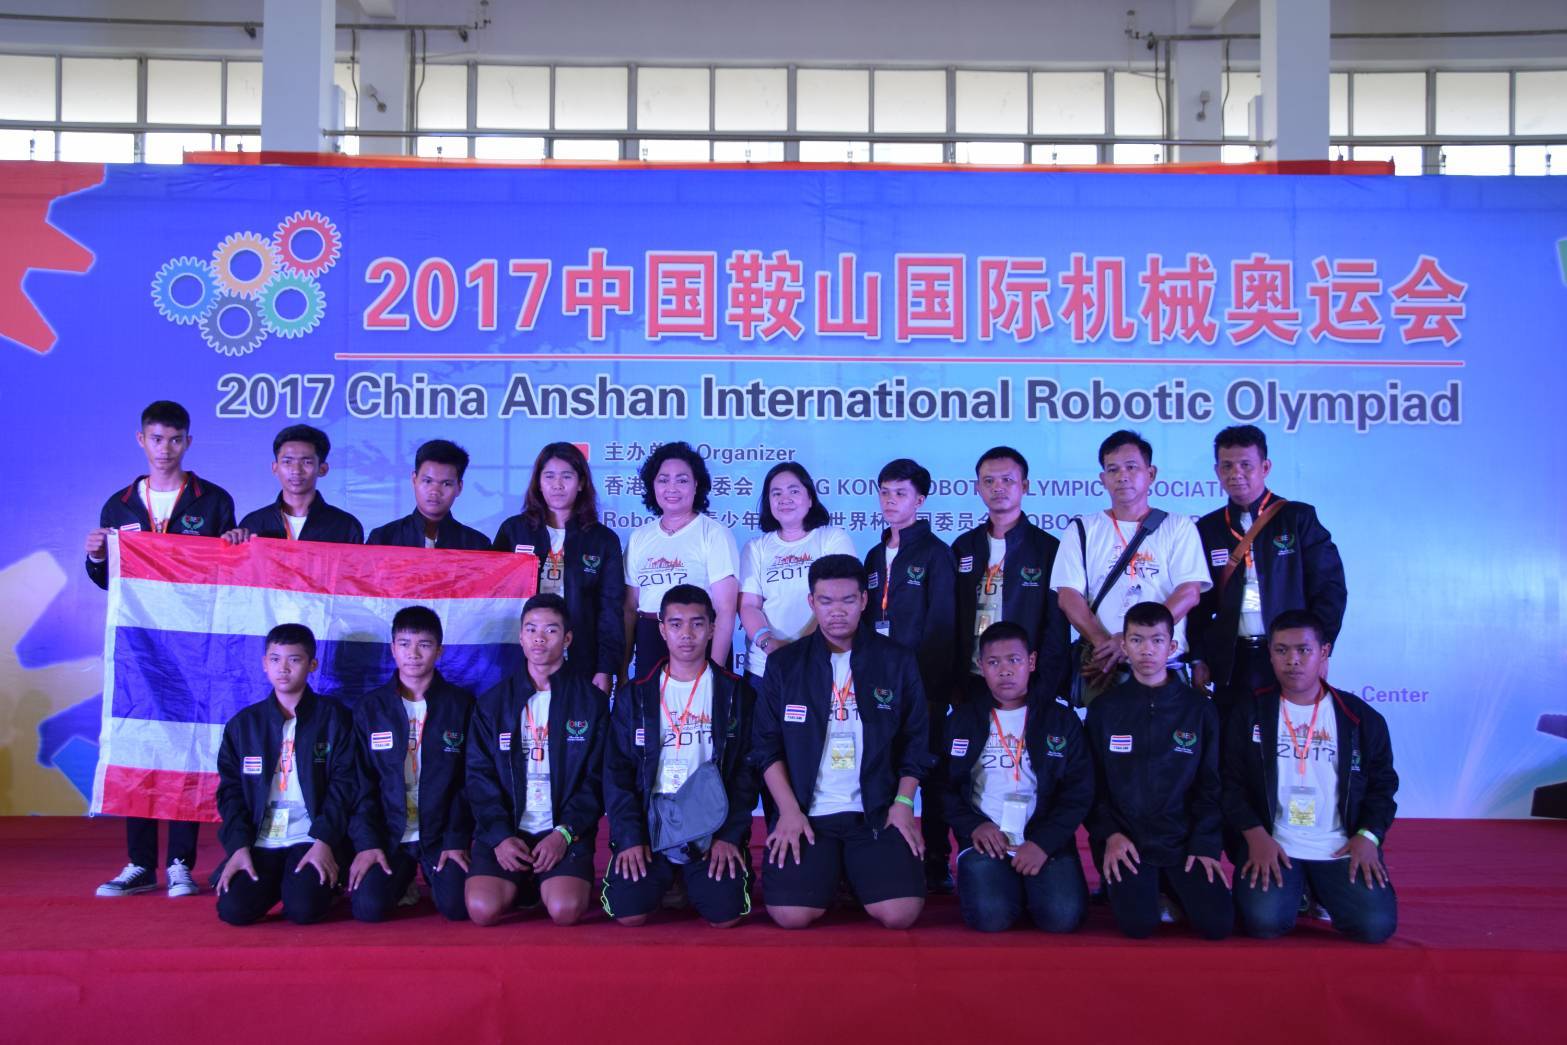 เด็กไทยคว้าแชมป์ 7 ประเภท แข่งหุ่นยนต์นานาชาติที่จีน
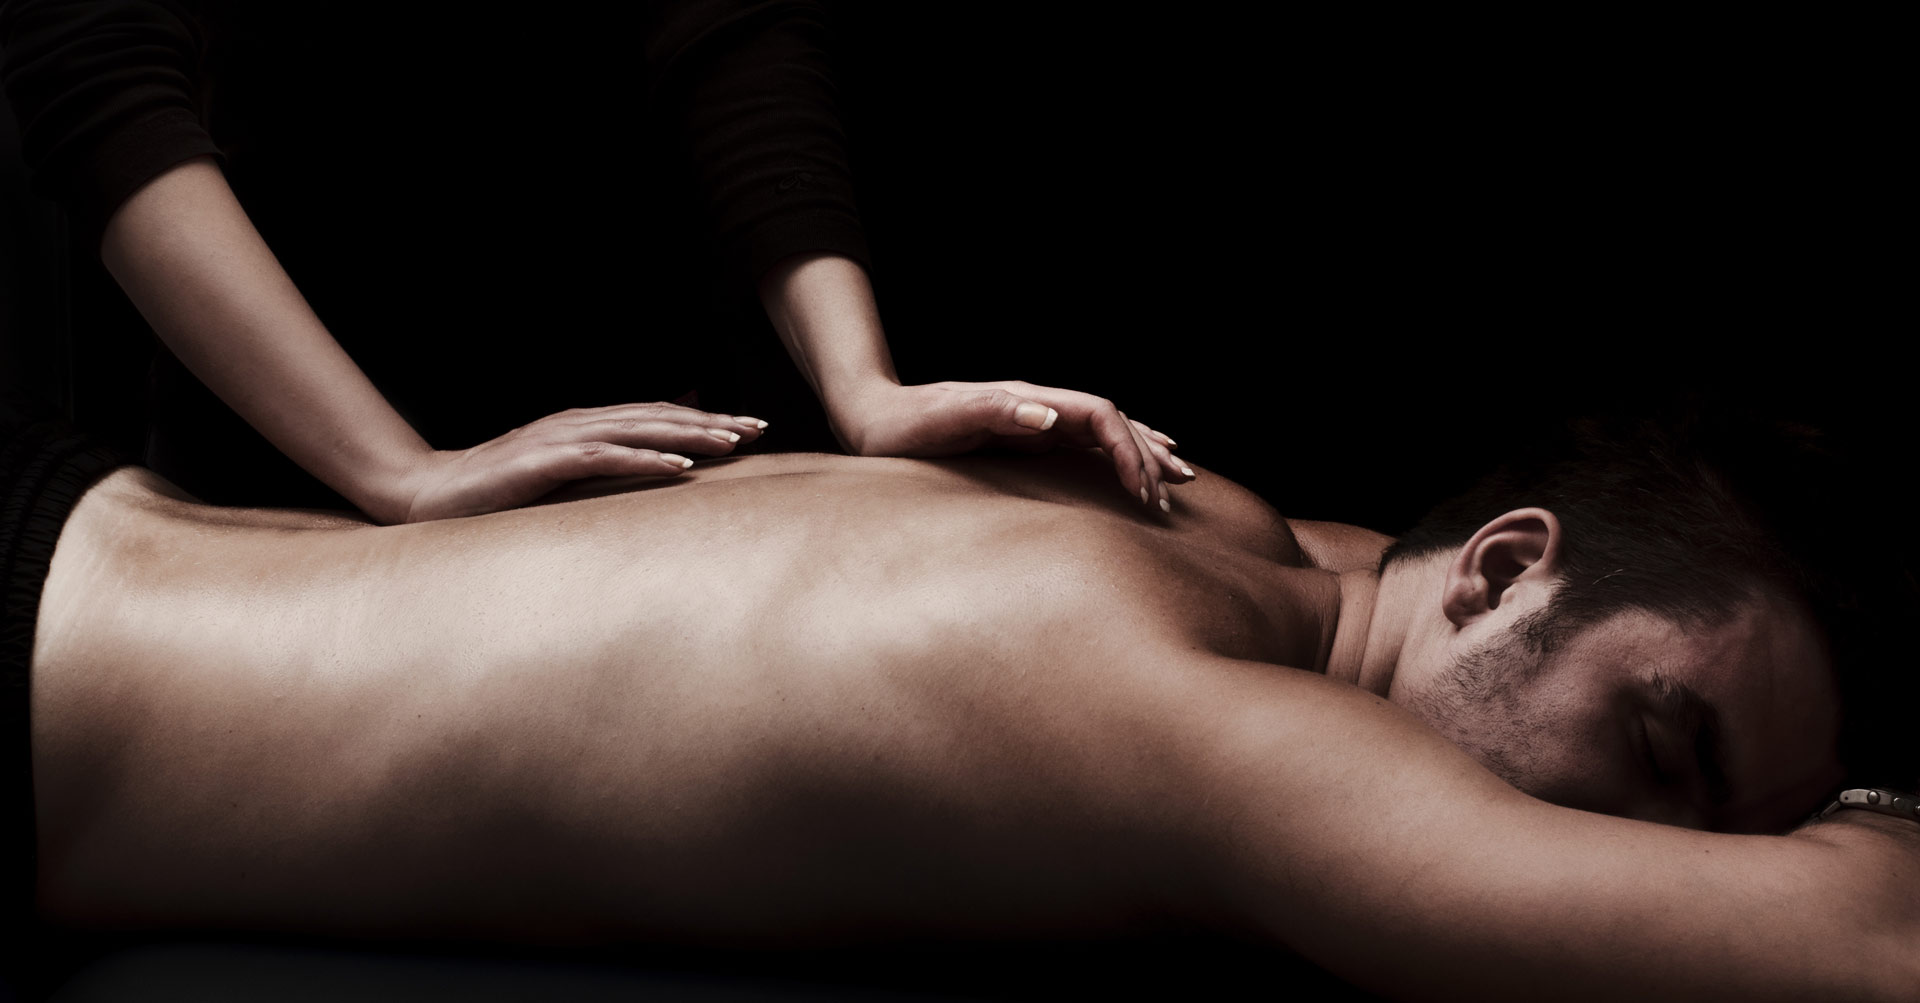 Arizona erotic massage full body for men
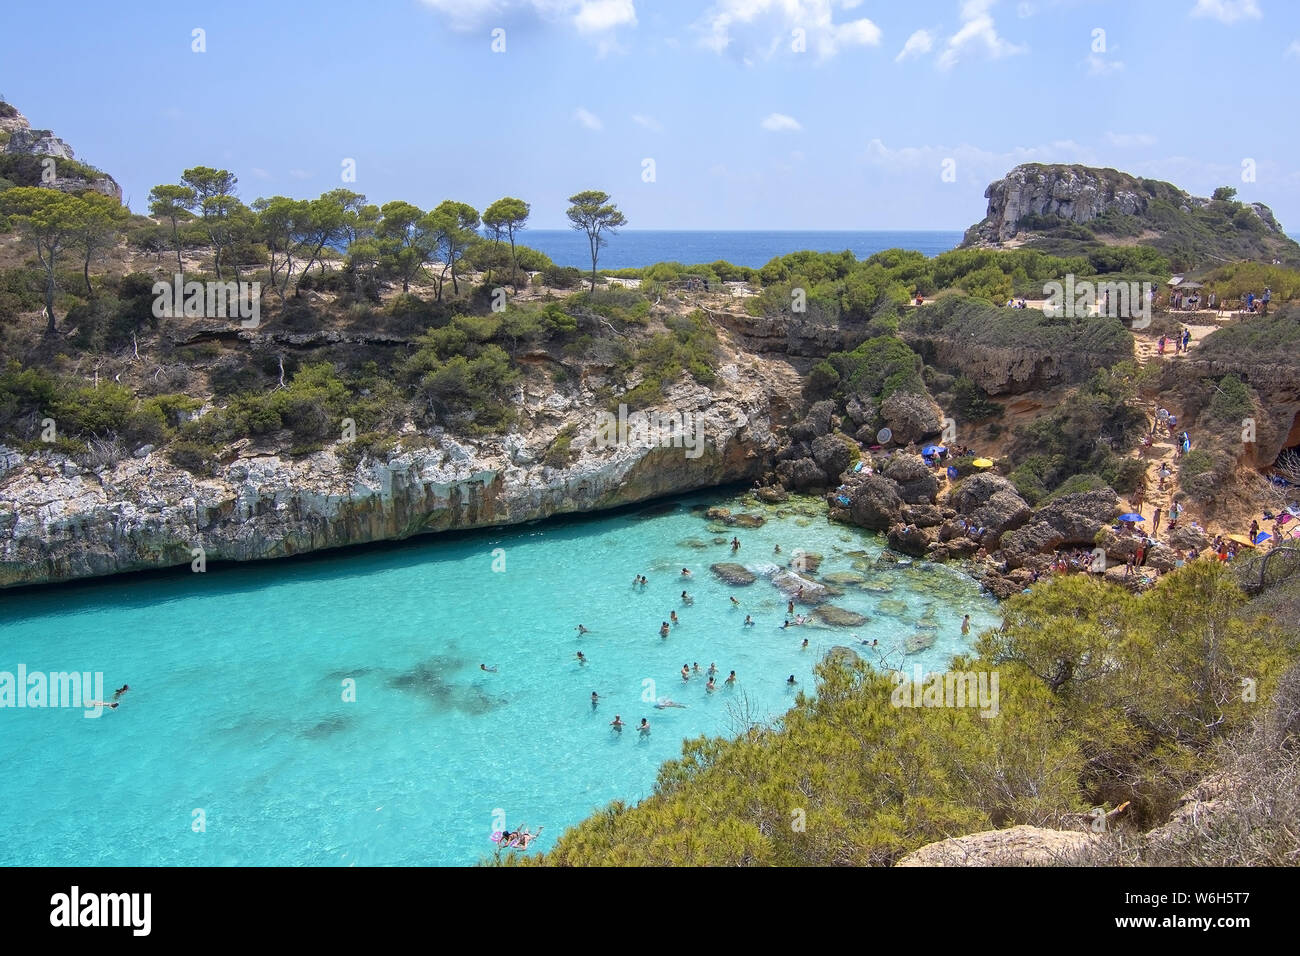 CALO DES MORO, Mallorca, España - Julio 27, 2019: muy pequeña bahía de aguas turquesas y acantilados escarpados en un día soleado en Julio 27, 2019 en Calo des Moro, Mallo Foto de stock

What is expected: Without the pictures, write out the entire listing exactly.

Solution to this exercise:
 เด็กไทยคว้าแชมป์ 7 ประเภท แข่งหุ่นยนต์นานาชาติที่จีน
 Arizona erotic massage full body for men
 CALO DES MORO, Mallorca, España - Julio 27, 2019: muy pequeña bahía de aguas turquesas y acantilados escarpados en un día soleado en Julio 27, 2019 en Calo des Moro, Mallo Foto de stock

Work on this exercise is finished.